_STORED DATA:_
--------------------------------

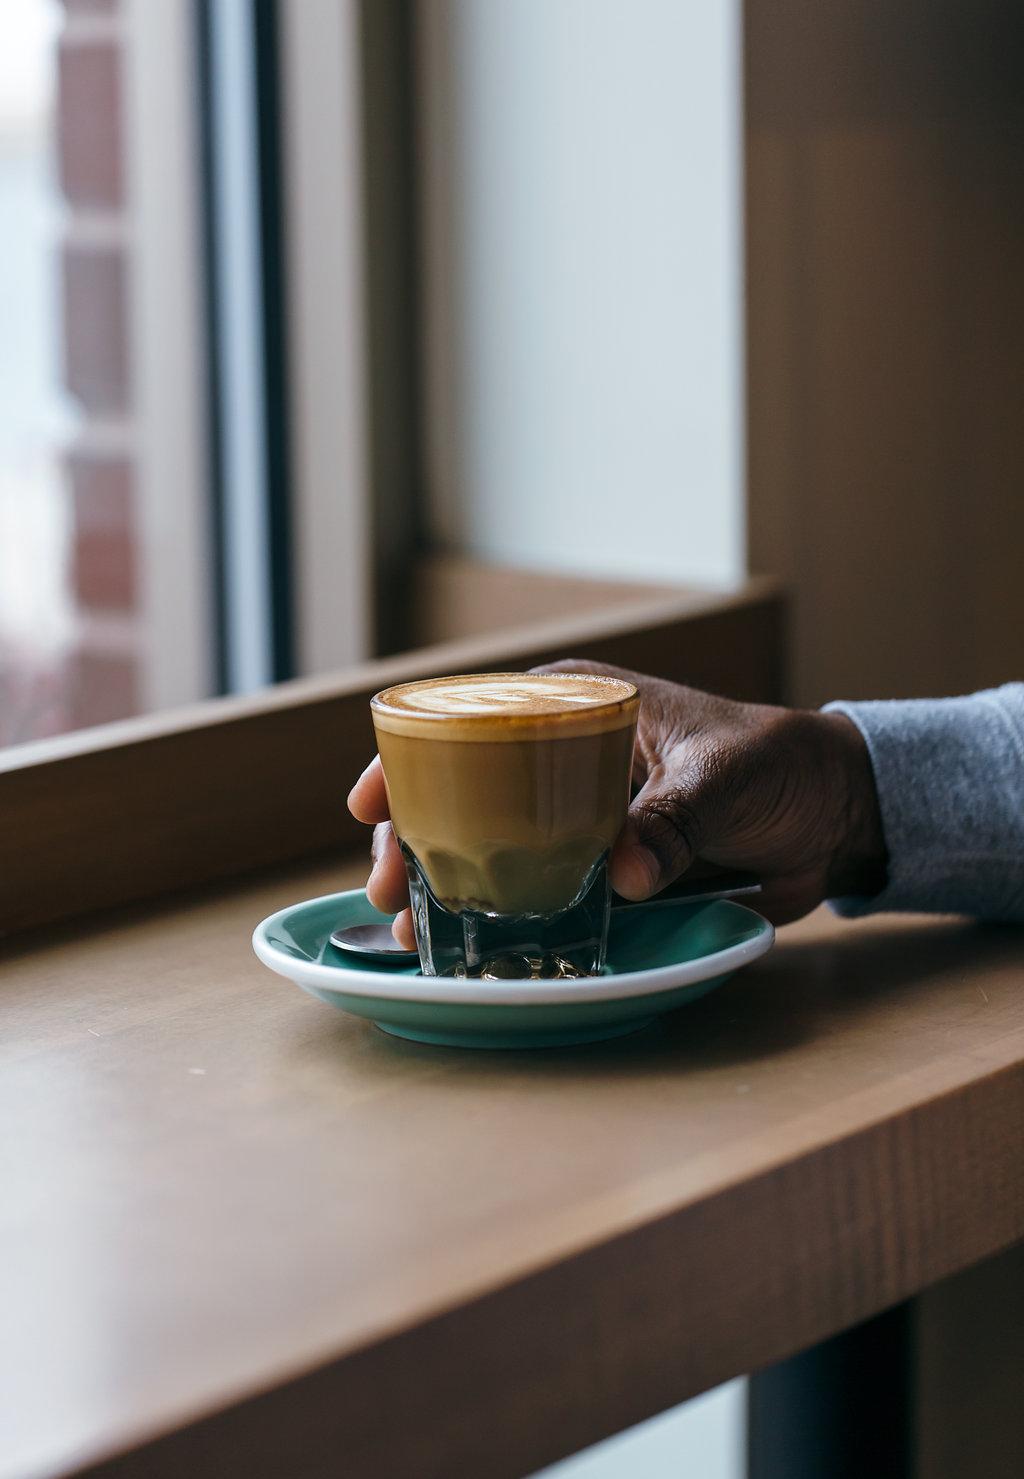 Malvern-Buttery-Coffee-_62A9141.jpg
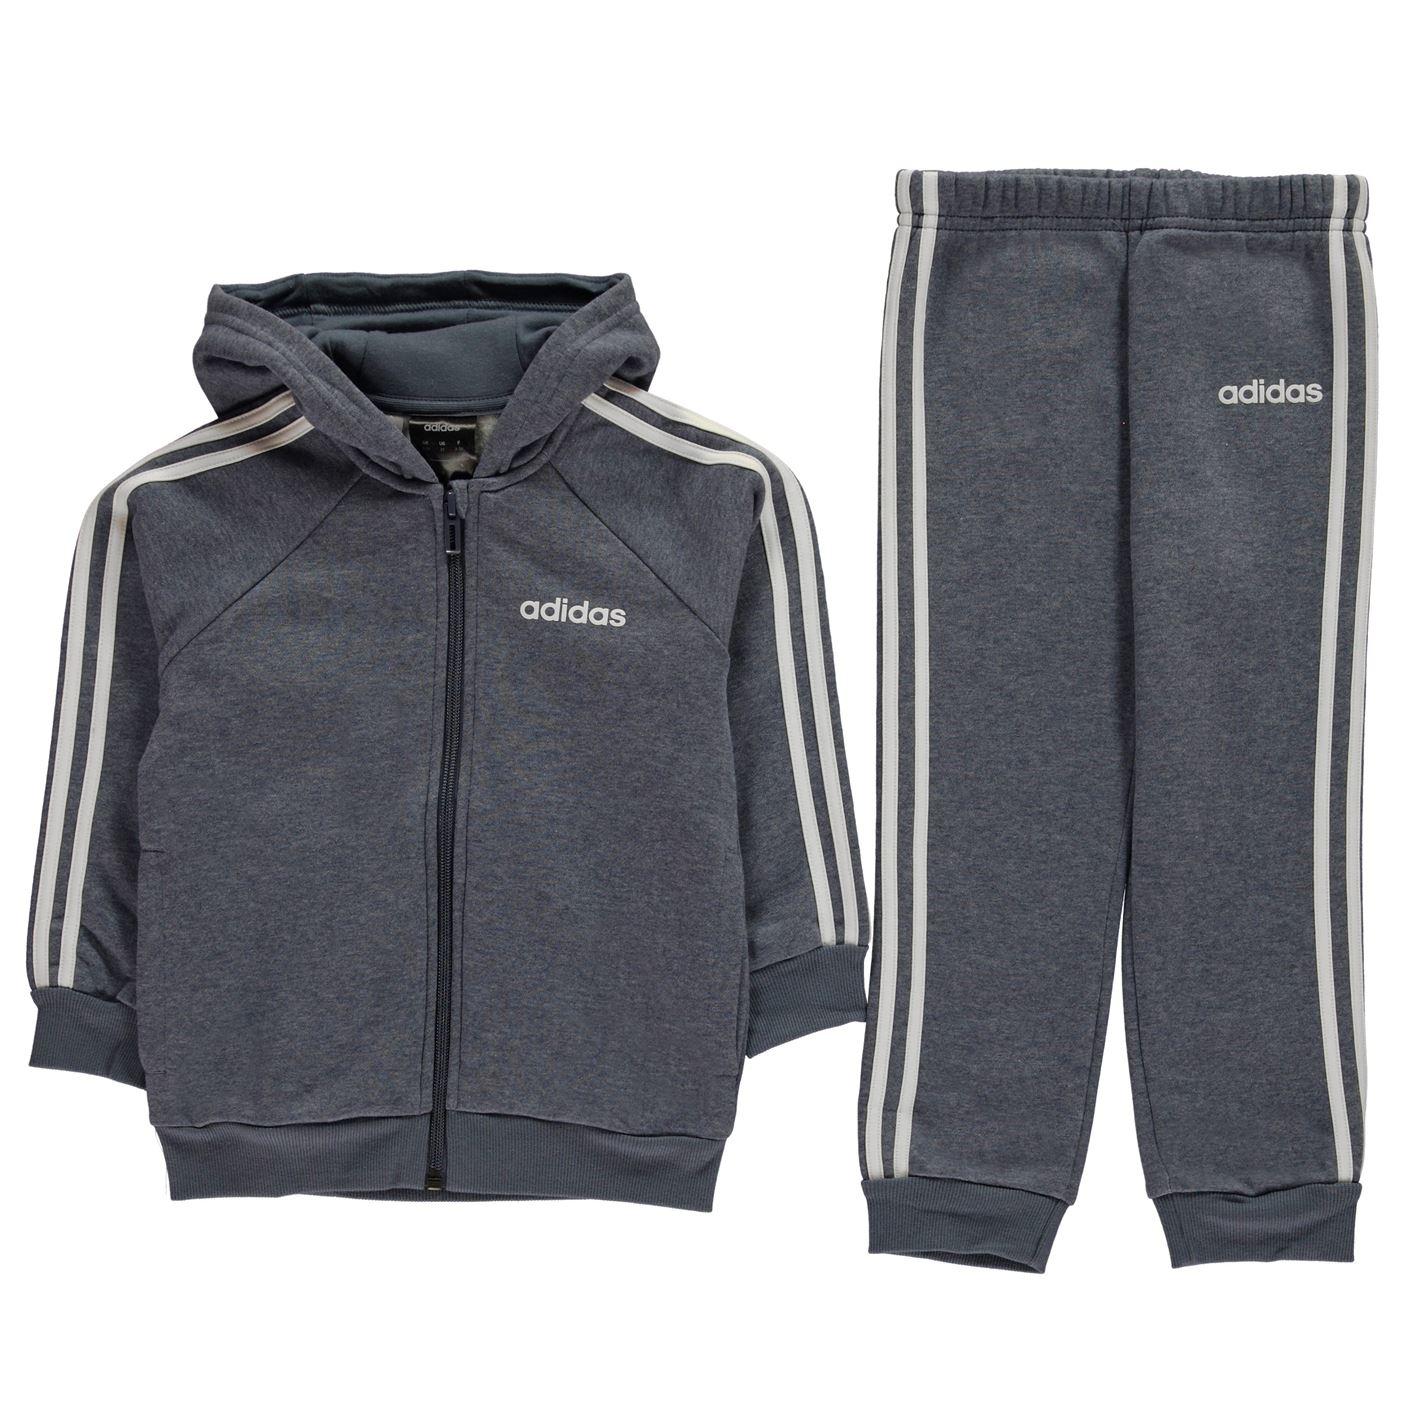 Adidas S3 HD Fleece Tracksuit Infant Boys
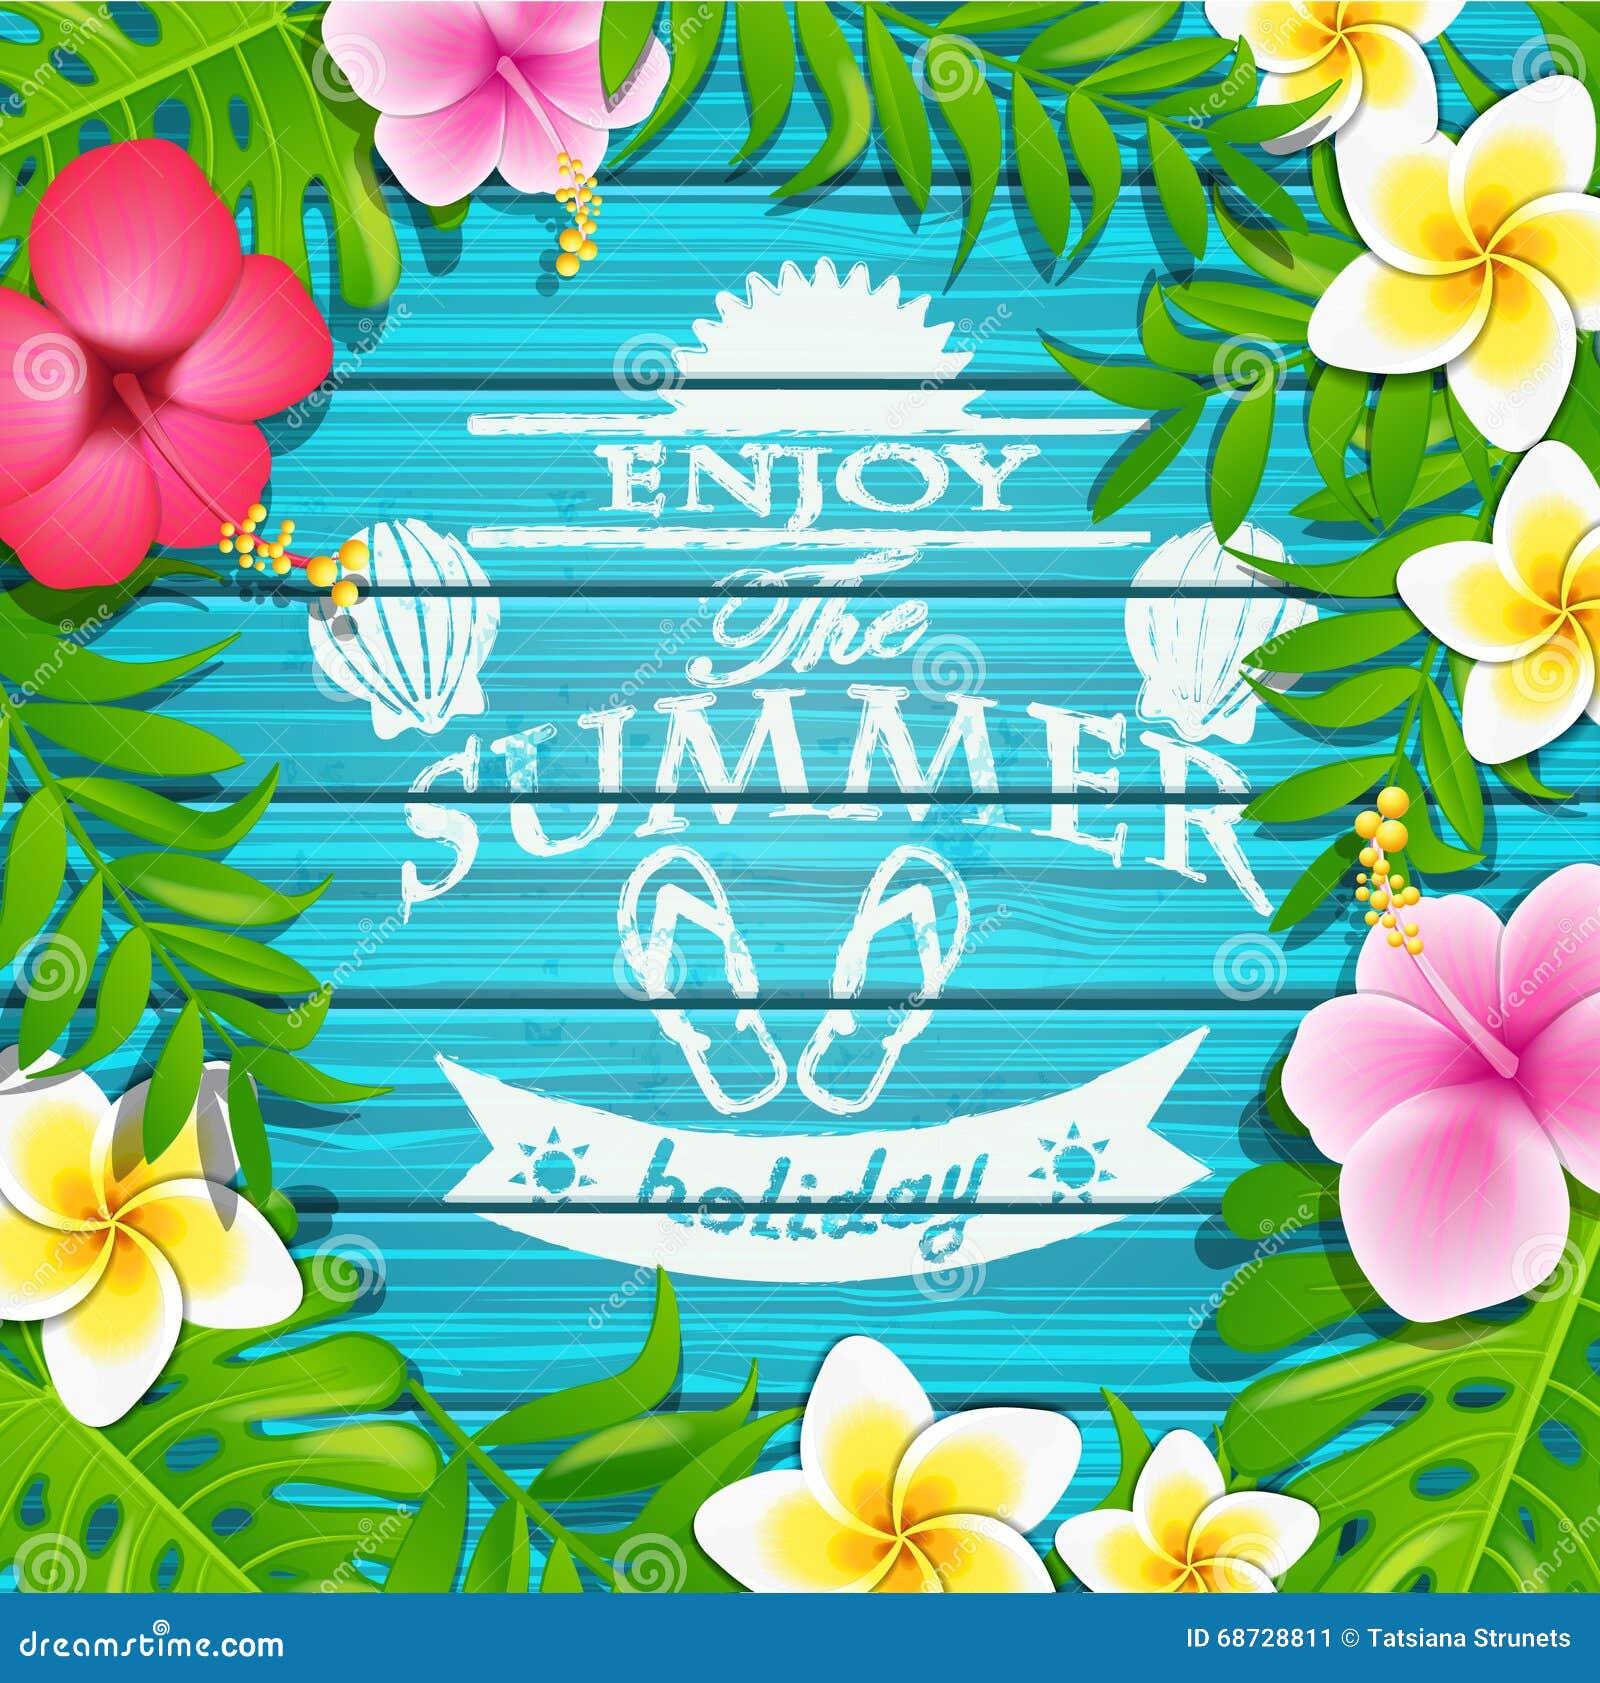 Couple Enjoying Their Summer Holidays Stock Photo: Enjoy The Summer Holiday. Stock Illustration. Illustration

--------------------------------

_EXERCISE DESCRIPTION:_ Reproduce the listing exactly. The pictures are to be omitted.

_TASK RESULT:_
 Malvern-Buttery-Coffee-_62A9141.jpg
 Adidas S3 HD Fleece Tracksuit Infant Boys
 Couple Enjoying Their Summer Holidays Stock Photo: Enjoy The Summer Holiday. Stock Illustration. Illustration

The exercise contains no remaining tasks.